Килоша всхлипнул, огляделся по сторонам и стал рассказывать.

Рассказ получился недолгим. Говоря о главном, Килоша опустил все подробности. А главным было то, что Килоша влюбился. В одну даму.
 
– Ну, а “Буревестник” при чем? – осторожно спросил Венька. – Решил угостить эту даму?
 
– Сейчас и до “Буревестника” дойду, – сказал Килоша. – Посмотри на себя!.. Ты стройный!.. Конопатый!.. И глаза – как фантики “Василек”!.. А я? Мышцы – ниточками. Живот висит. Шеи не видно. Глаза – одни щелочки. Разве можно влюбляться с такой внешностью? Только дам пугать! Кому я такой нужен? Вот я и решил себя переделать!
Переделывал себя Килоша всю ночь. Отжимался от бревна. Бегал стометровку. Прыгал через лужи. Подтягивался на дверной ручке.  Снова бегал стометровку.

К утру все мышцы Килоши болели. Но чувствовал он себя превосходно.

Перед работой Килоша посмотрелся в банку с солеными кильками и увидел собственное отражение. Его грудь раздалась. Появилась талия. А мышцы были почти как у кузнеца дяди Паши и, может, больше...

А потом в магазин нагрянул дядя Паша. Попросил килограмм “Буревестника”.

Килоша быстренько взвесил ему конфеты. Тетя Зина завернула их в бумагу. Довольный дядя Паша попрощался и пошел к выходу.
Н
о перед дверью у него развязался шнурок. Дядя Паша положил кулек с конфетами на контрольные весы, на электронные, которые стояли у двери. Спокойно завязал шнурок. И вышел.

А бедная тетя Зина вцепилась в прилавок.
 
– Сколько конфет ты должен был взвесить? – спросила она Килошу.
 
– Килограмм!
 
– А ты взвесил девятьсот граммов! – сказала тетя Зина таким тоном, будто объявила войну соседнему государству.

Откуда ей было знать, что Килоша не схитрил, не заныкал злополучные сто граммов. И даже в рассеянности его нельзя было упрекнуть – как всегда, Килоша был собран и точен.

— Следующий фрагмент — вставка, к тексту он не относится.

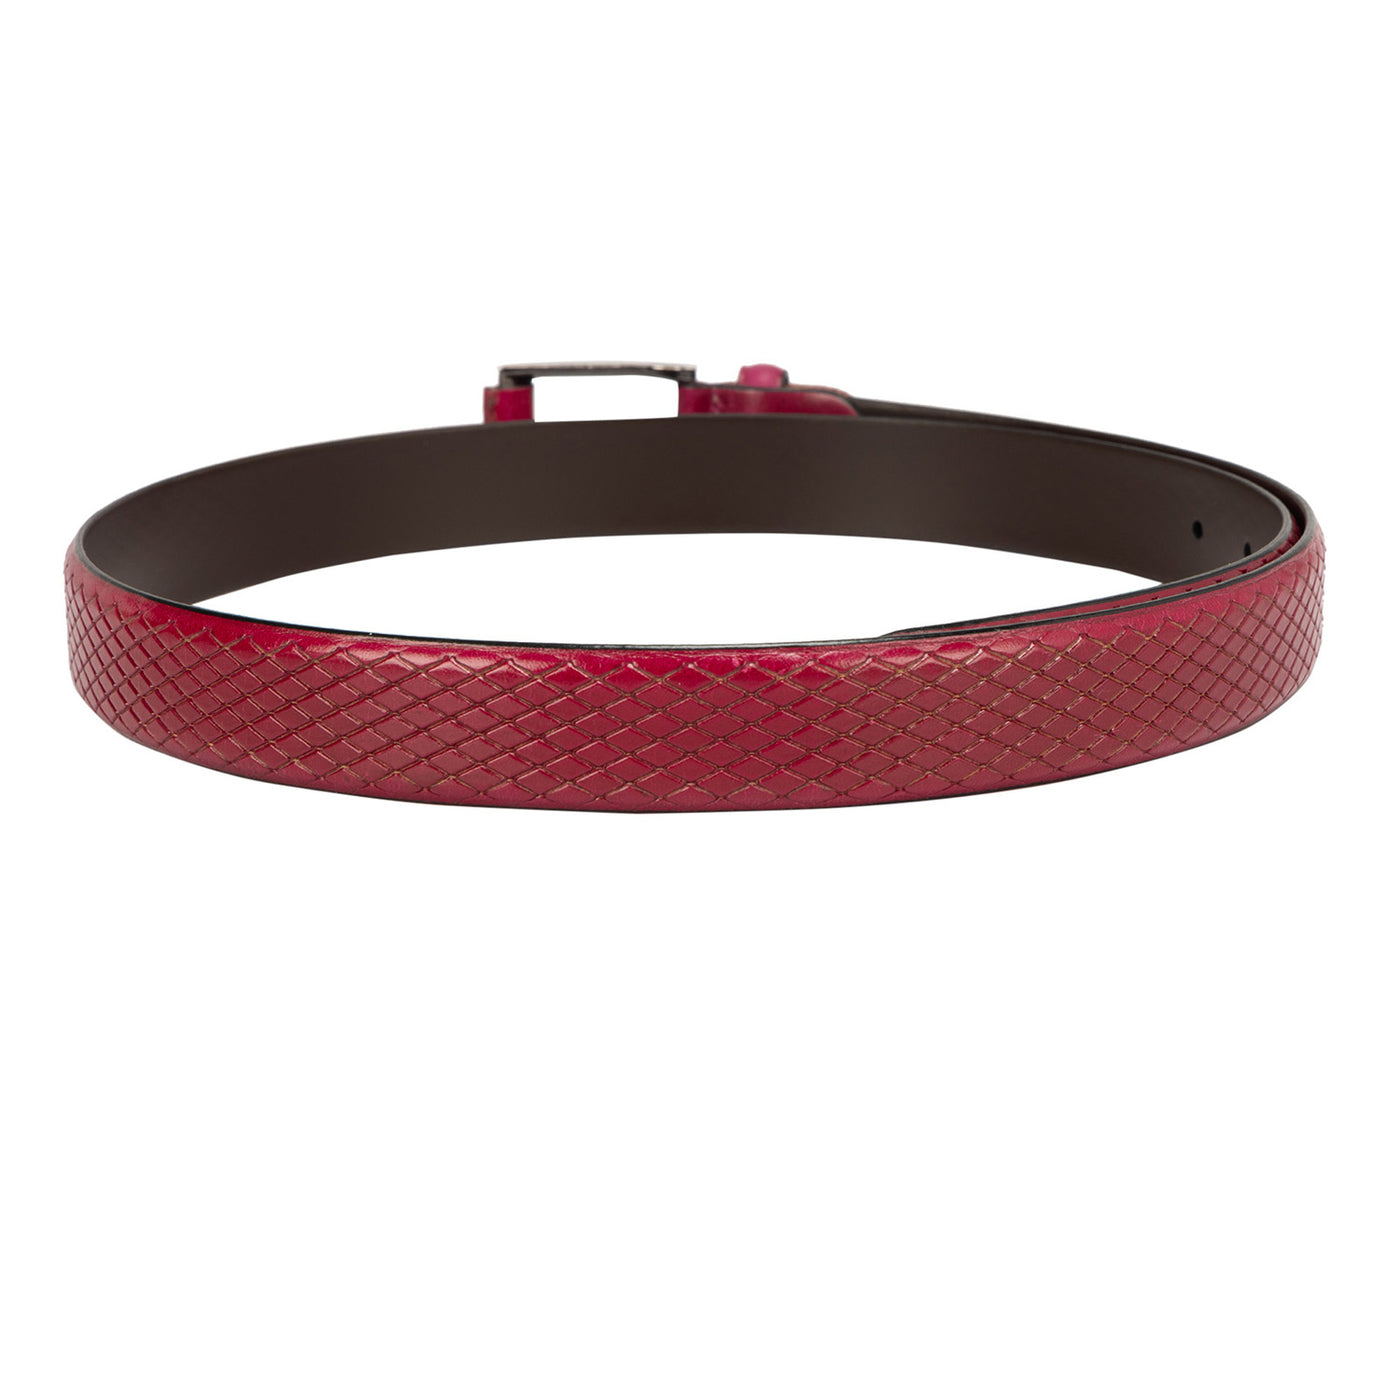 Casual Emboss Leather Ladies Belt - Pink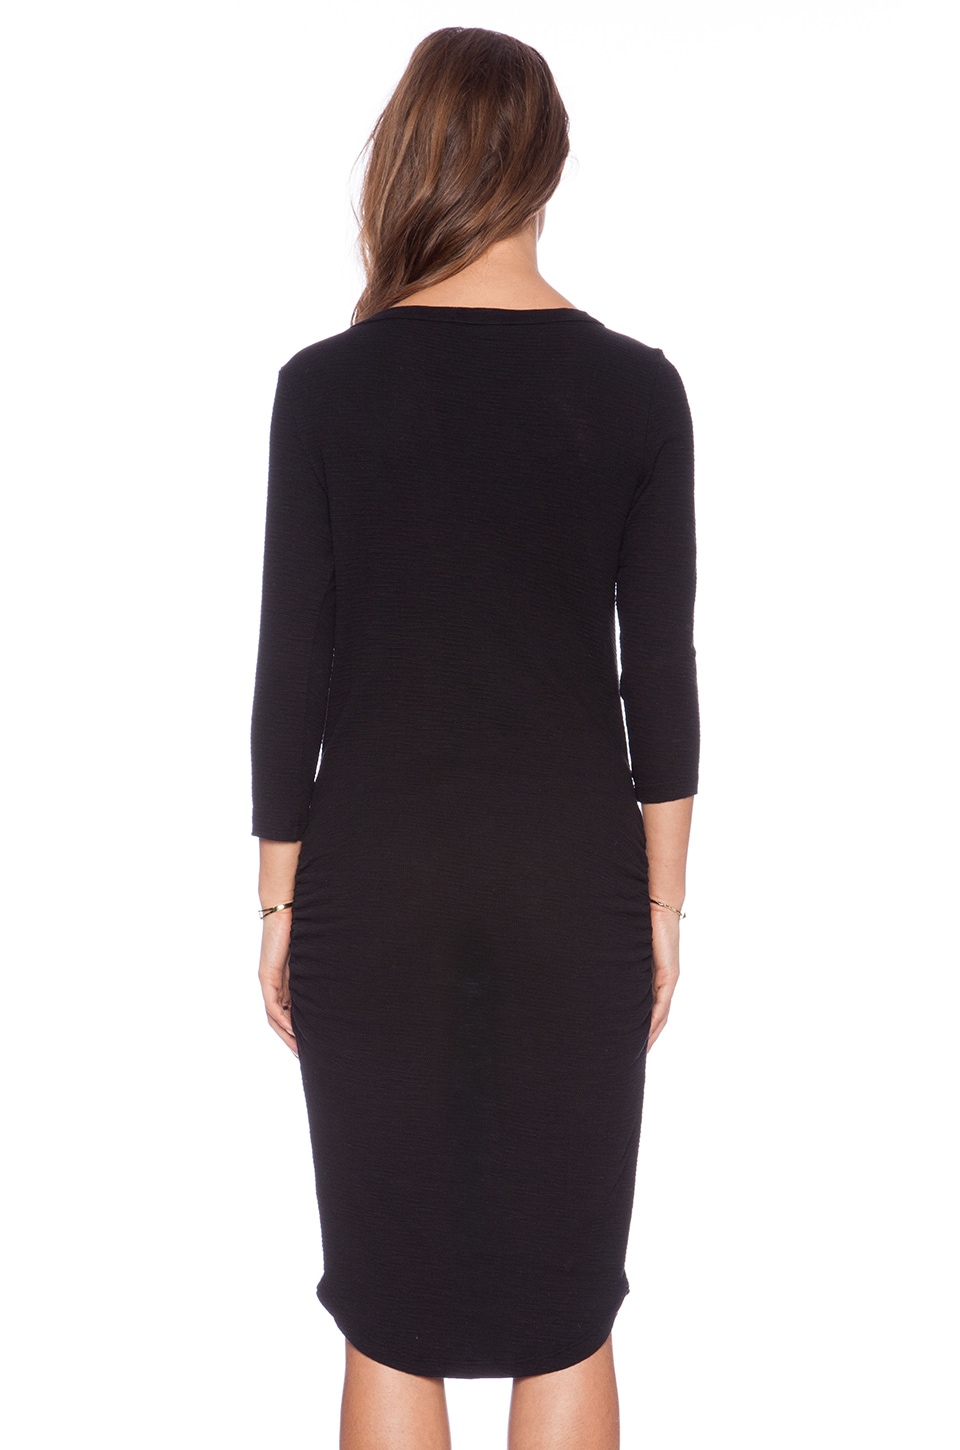 James Perse Thermal Henley Dress in Black | REVOLVE

Просто во время ночных занятий спортом Килоша похудел ровно на сто граммов.
Конфеты дяде Паше вернули. А Килошу наказали – на три дня отстранили от работы.
 
– История! – присвистнул Венька. – Но почему ты не рассказал все это тете Зине?
 
– Потому... – потупил голову Килоша. – Тетя Зина и есть та дама. Та самая Дама.
 
– Она же старше тебя! – ахнул Венька.

Килоша вызывающе поднял плечо вверх.
 
– Можно подумать, ты в своих учителей не влюблялся!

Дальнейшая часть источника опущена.